Таким образом, выходит, что Пушкин был как бы – в некотором роде – тайным другом-редактором Гоголевых начинаний, и его доброжелательному редакторству мы обязаны литературным воспитанием молодого Гоголя и лучшим, полным свежей силы, сочной красочности, художественного чувства меры, периодом Гоголева творчества.
После таких определенных и так подробно мотивированных признаний заподозренное г. Мочульским отречение Гоголя от Пушкина чрез умолчание о нем представляется нам невозможным.
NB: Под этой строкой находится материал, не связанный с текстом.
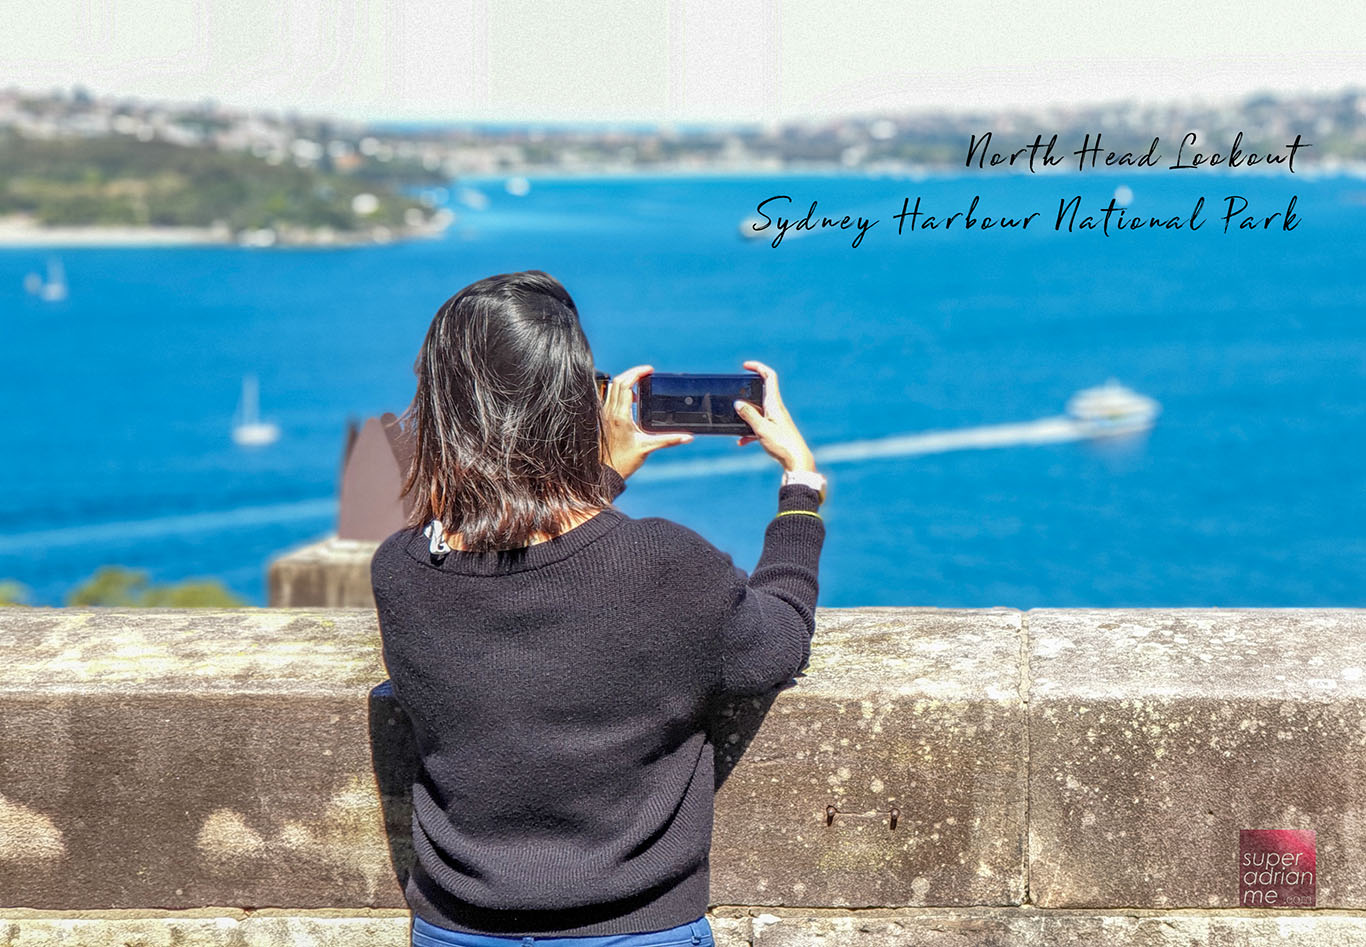 Samsung Galaxy Note 9 Photography at North Head Lookout from Sydney Harbour National Park in Manly, Sydney

Письмо к Жуковскому писалось в условиях почти священнодействия. В противоречивом существе Гоголя жило много странностей и темнот, но духовным плутом и лицемером он никогда не был, хотя, после «Переписки», злые языки и предлагали переименовать его из Николая в Тартюфа Васильевича. Не будучи Тартюфом, не способен был он и на недостойную, да к тому же и неумную, попытку – благочестивым отказом от грешника Пушкина обмануть зачем-то и Жуковского и общество, и себя самого, и чуть ли даже не Господа Бога.
Ларчик мнимого противоречия между двумя документами, думается мне, просто открывается.
«Авторская Исповедь» – апология, предназначенная для большой публики, а потому снабженная широкою осведомительною мотивировкою, с ссылками на факты и влияния, будущим читателям неизвестные. Им сообщить о Пушкине было необходимо. Письмо к Жуковскому, хотя Гоголь и думал, может быть, напечатать его во втором издании «Переписки» все-таки есть только частное письмо.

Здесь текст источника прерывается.